Wem gehört das Bahngelände – wenn es kein Bahngelände mehr ist?

Von Winfried Wolf
Es ist eine Sache, die Bahnprivatisierung aus allgemeinen politischen sowie aus umwelt- und verkehrspolitischen Gründen zu kritisieren und als typisches Modell einer Privatisierung gesellschaftlichen Eigentums zu charakterisieren. Der andere Umstand ist in der Öffentlichkeit kaum bekannt: Der größte Teil des Bahngeländes wurde im 18. und frühen 19. Jahrhundert den – oftmals privaten – Bahnen von der öffentlichen Hand geschenkt, mit der erklärten oder stillschweigenden Auflage, darauf Schienenverkehr zu betreiben. Wenn dieses Gelände nun an private Investoren verkauft wird und darauf kein Schienenverkehr mehr veranstaltet wird, entfällt die Geschäftsgrundlage für diese Übereignung. Drei Fälle.

Beispiel eins: Im Landkreis Augsburg in Bayern wurde 1986 durch die Bundesbahn die Weldenbahn eingestellt. Die Kommunen Adelsried und Horgau wollten das Gelände übernehmen, um einen Geh- und Radweg anzulegen. Als ihnen der Preis, den die Bundesbahn für die Überlassung der Trasse verlangte, zu hoch erschien, stöberten sie in den Archiven. An Hand von Urkunden aus den Jahren 1899 und 1902 konnten sie den Nachweis führen, daß damals die Grundstücke für die Bahntrassen von den Kommunen zunächst gekauft und dann der Bahn kostenlos überlassen wurden – mit der Auflage, darauf Schienenverkehr zu betreiben.
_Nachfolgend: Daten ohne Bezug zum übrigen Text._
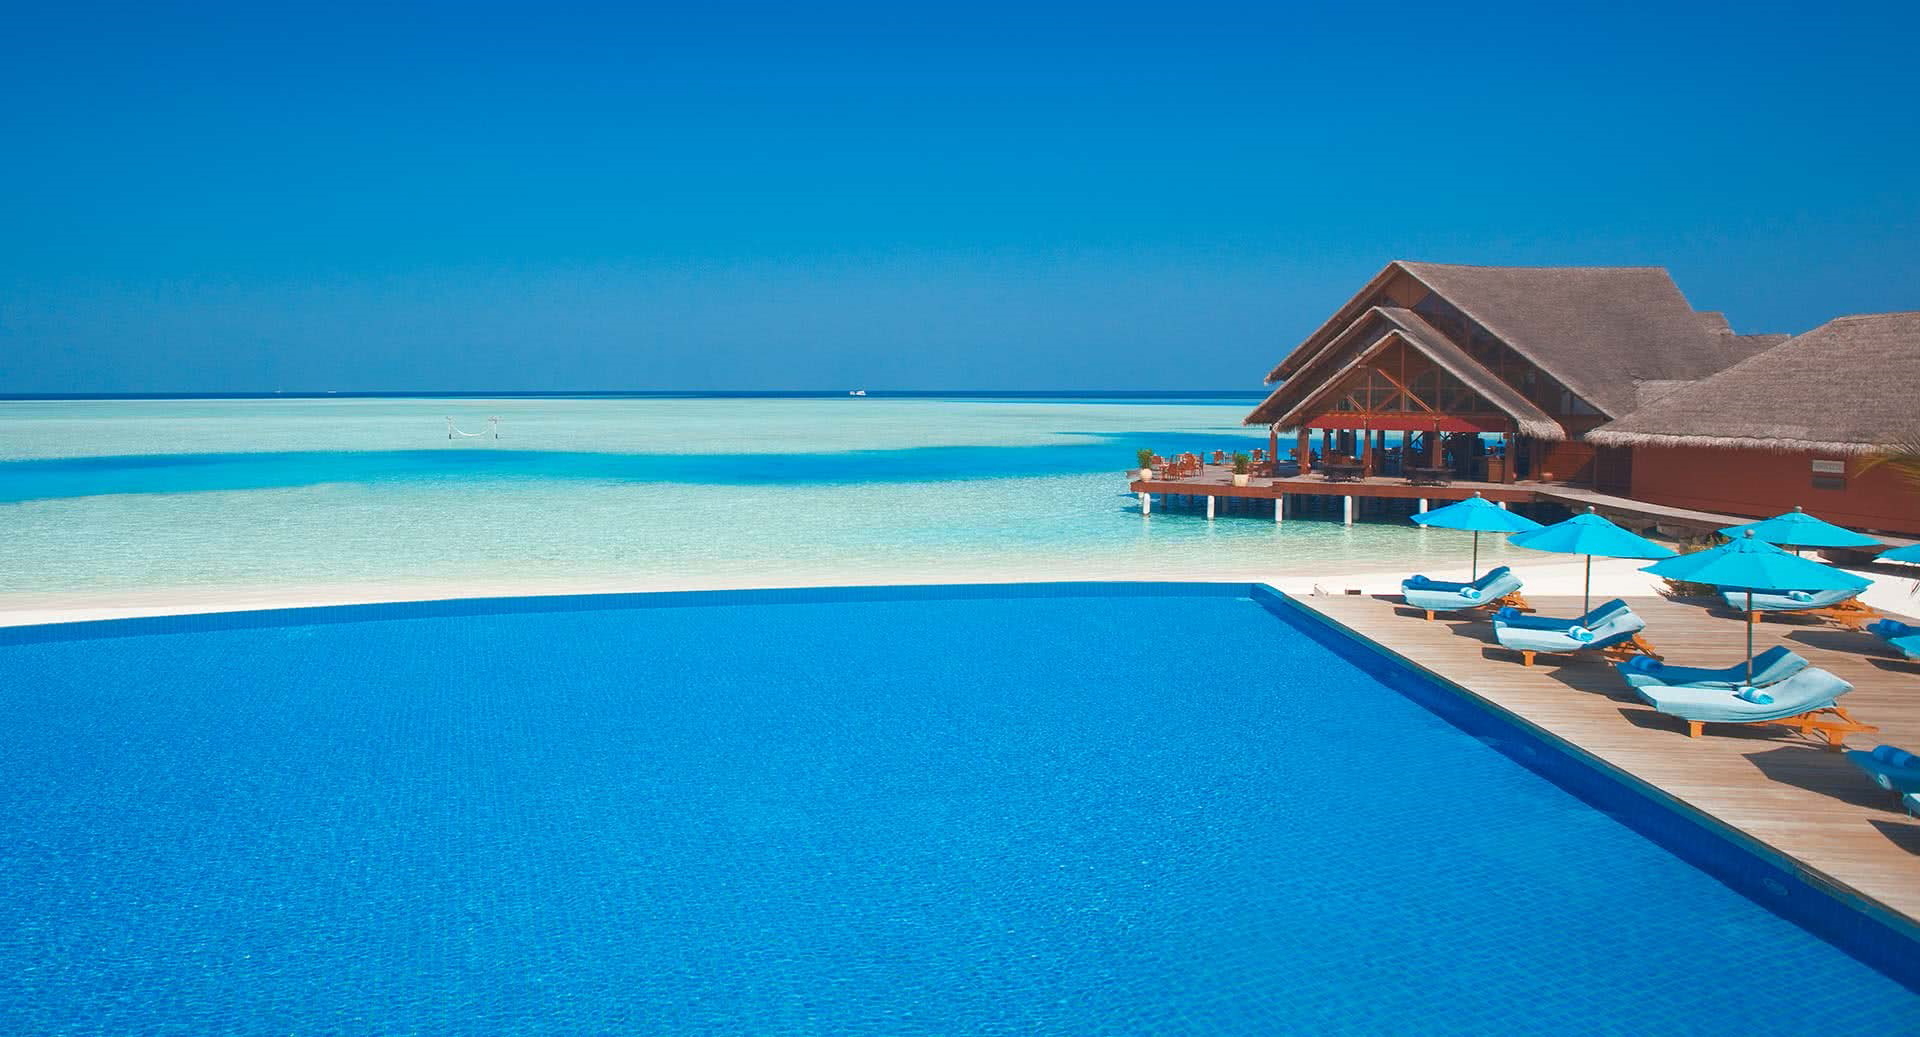 Infinity pool at Anantara Dhigu Maldives. Click to enlarge.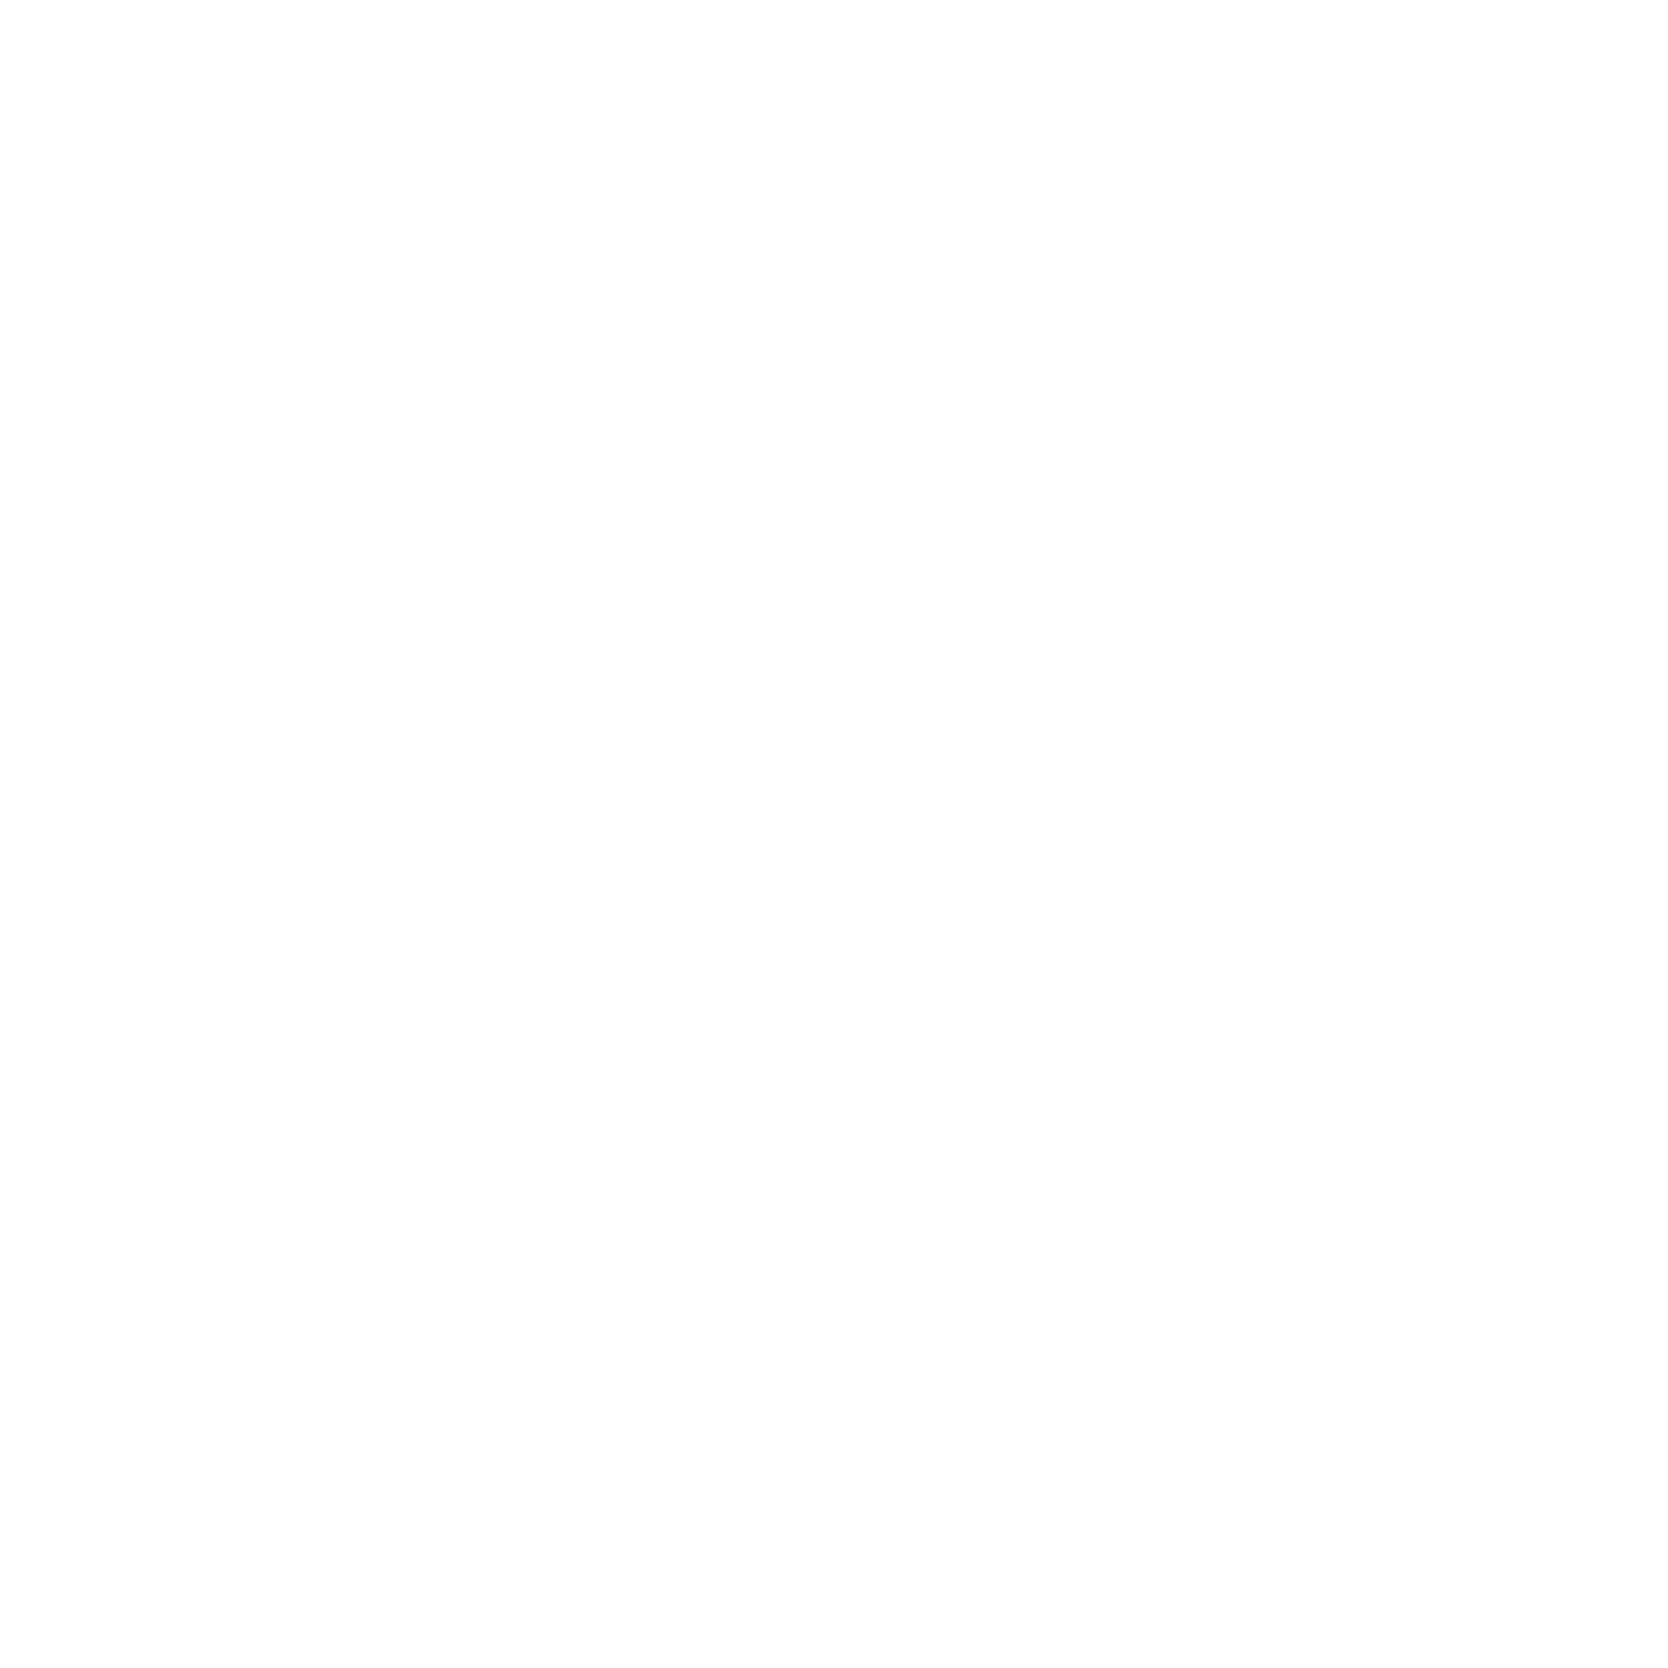 MASS FX

Beispiel zwei: In Lindau will die Deutsche Bahn AG seit Ende der 1990er Jahre den Hauptbahnhof, der sich auf der Bodenseeinsel befindet, veräußern. Die Bahn soll auf dem Festland enden, auf dem Gelände des bisherigen Inselbahnhofs ein Kongreßzentrum errichtet werden. Tatsächlich konnte belegt werden, daß die Fläche für den Bahnhof am 18. März 1851 durch den Magistrat der Stadt der Eisenbahngesellschaft gratis überlassen wurde. Auch hier mußte die Kommune das Land zuvor teilweise privaten Eigentümern abkaufen. Diese Großzügigkeit machte nur Sinn, weil niemand auch nur auf die Idee kam, das Gelände könnte anders als für den Schienenverkehr genutzt werden.

Beispiel drei: In Hamburg wurde im Bereich des »Hannoverschen Bahnhofs« Bahngelände frei, das die DB AG bzw. deren Tochter Aurelis vermarkten will. Der Notar und ehemalige Hamburger Bürgermeister Henning Voscherau verwies jedoch auf alte Verträge vom Ende des 19. Jahrhunderts. Danach trat die Hansestadt damals das entsprechende Gelände zwar an die Bahn ab. Sie konnte dabei jedoch »eine tückische Klausel durchsetzen: Danach muß die Bahn das Gelände bei Aufgabe der betrieblichen Nutzung wieder an die Hansestadt herausrücken«. In dem Bericht der Frankfurter Allgemeinen Zeitung vom 6. Oktober 2006 zu diesem Vorgang konnte man nachlesen, mit welcher halsbrecherischen Argumentation die Deutsche Bahn AG dies zu parieren versucht: »Die Bahn meint nun, so Voscherau, daß mit der Gleichschaltung der Länder im Dritten Reich diese Rechtsansprüche erloschen seien.« Das aber, so Voscherau, »könne in den Zeiten der Restitution anders gesehen werden«.